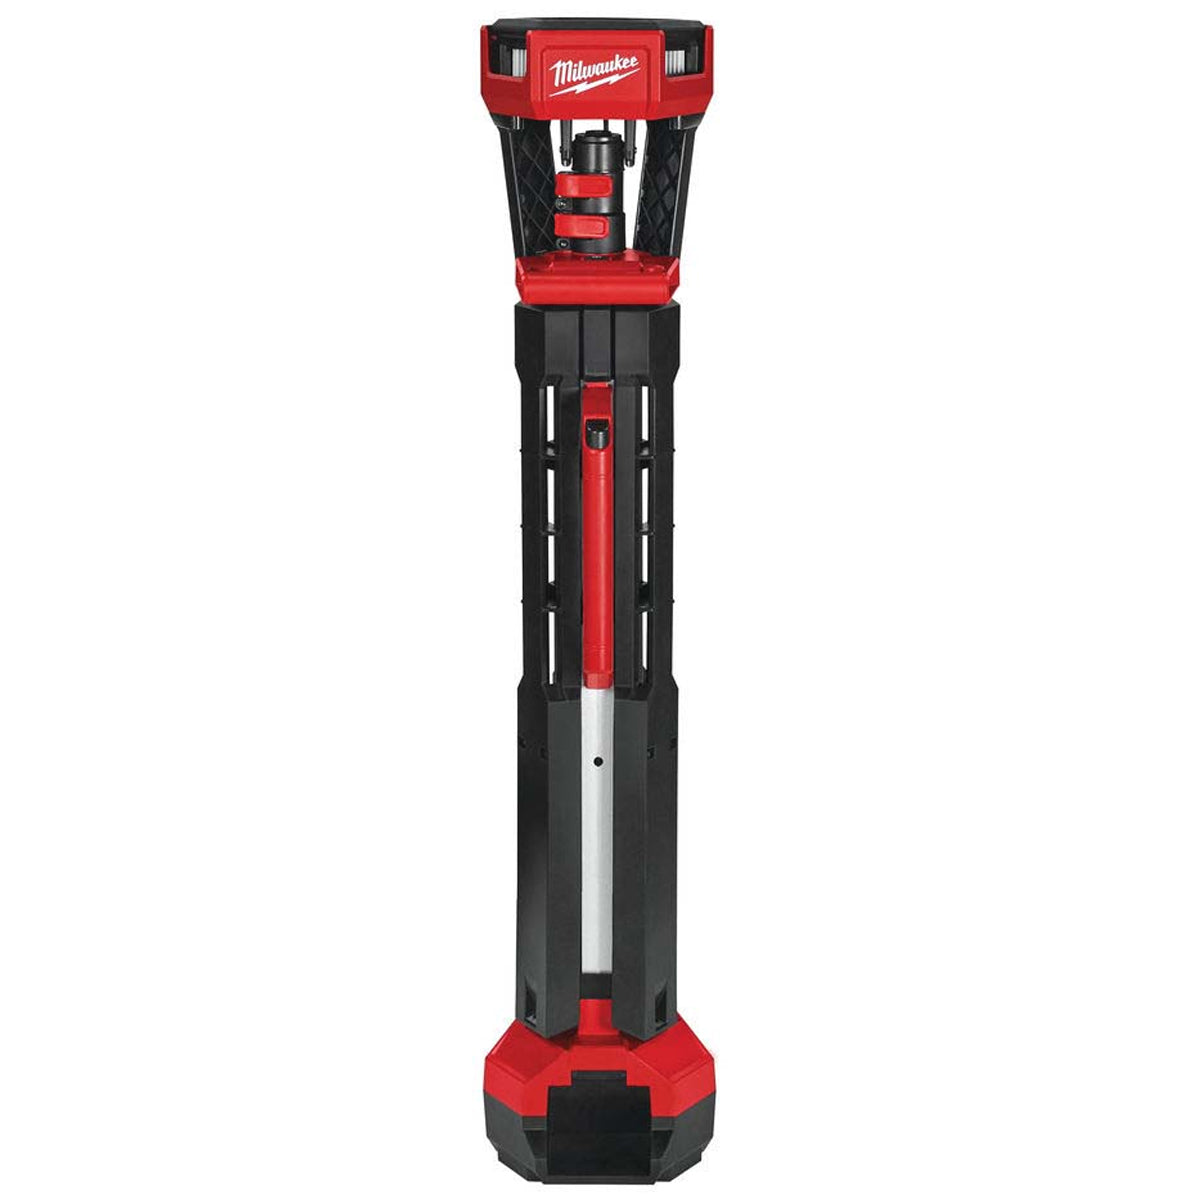 Milwaukee M18SAL2-0 18V LED Stand Light with 1 x 5.0Ah Battery & Charger
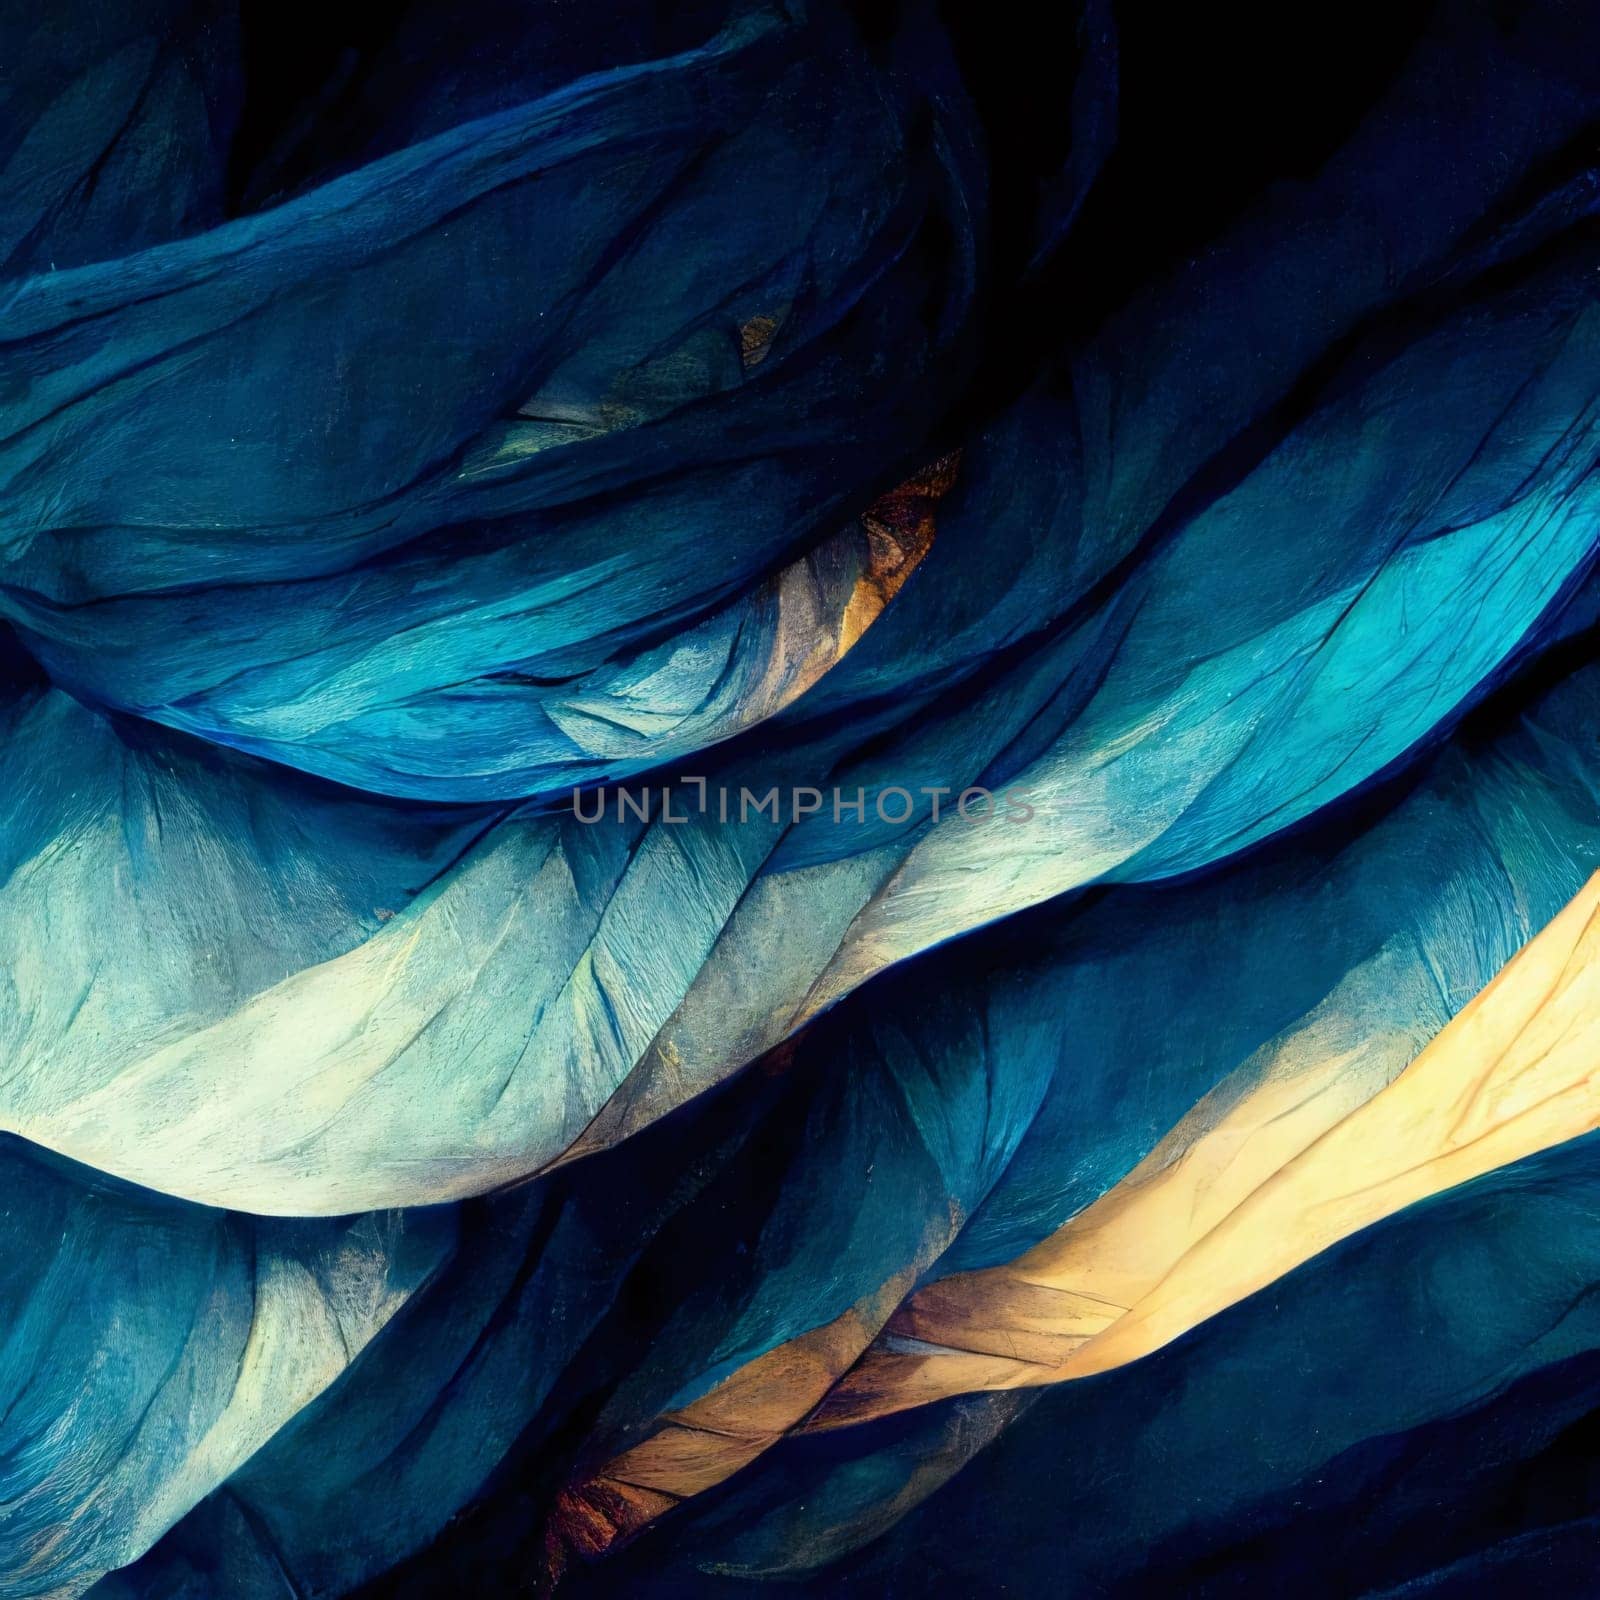 Abstract background design: abstract background with blue and yellow crumpled fabric on black
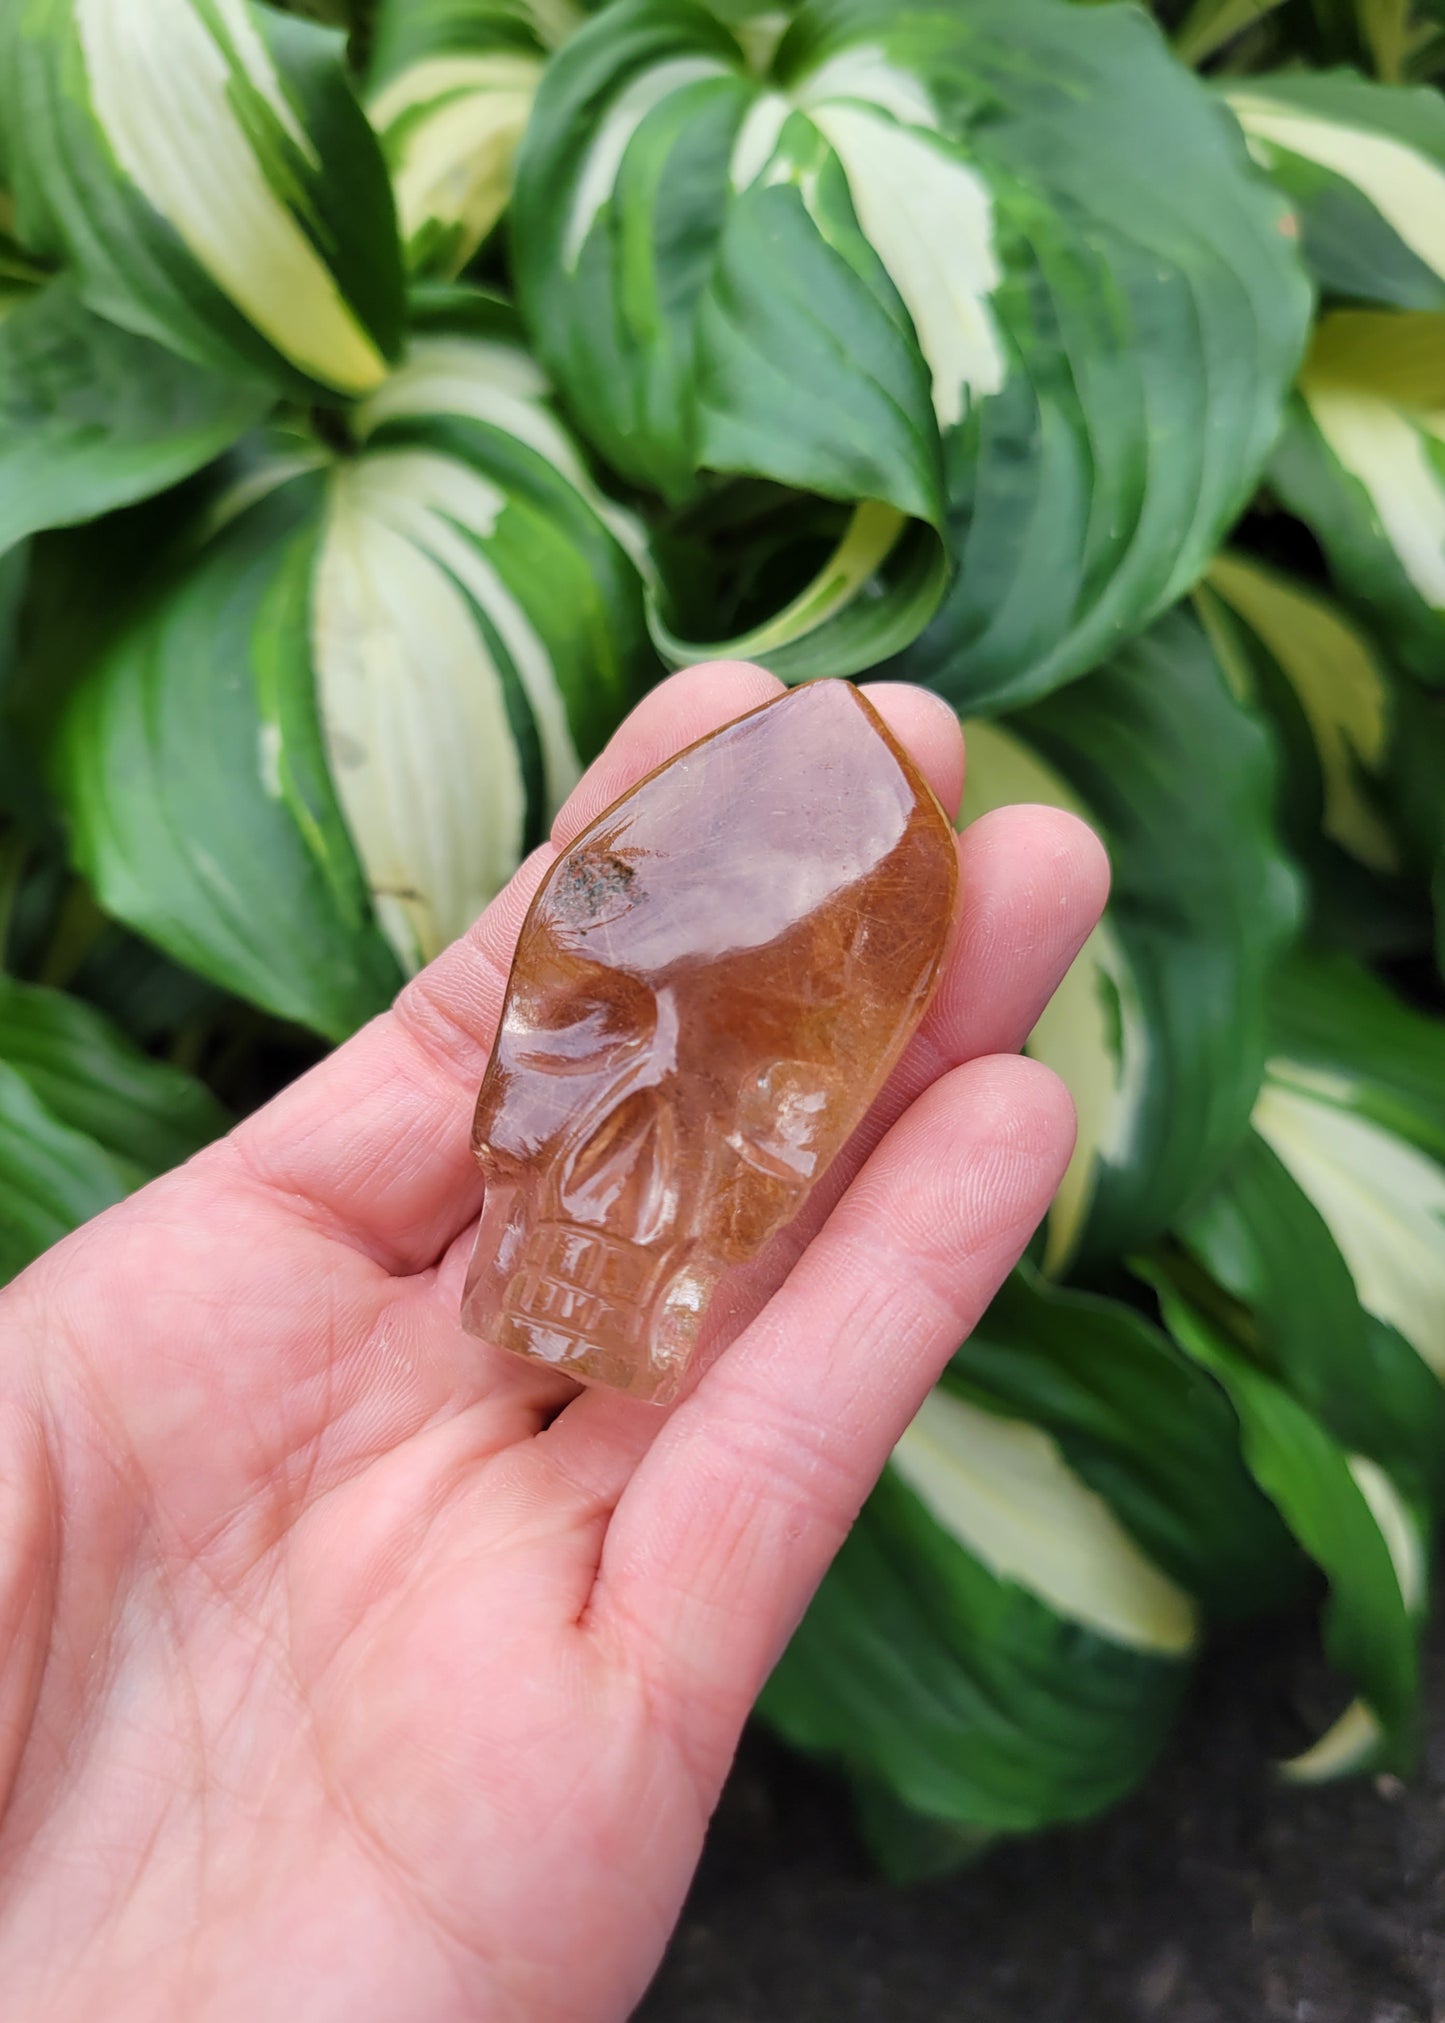 Himalayan Rutilated Quartz Skull Carved and Polished by Subhash Meena (W 1 1/4 X D 1 1/8 X H 2 1/4 inches, 52.3 grams)

→ **Task item**:
Where the line containing "Abstract background design: abstract" appears, begin writing out the lines word for word, and continue through the last line of the data, leaving out pictures.

→ **Solution to this task**:
 Abstract background design: abstract background with blue and yellow crumpled fabric on black
 Himalayan Rutilated Quartz Skull Carved and Polished by Subhash Meena (W 1 1/4 X D 1 1/8 X H 2 1/4 inches, 52.3 grams)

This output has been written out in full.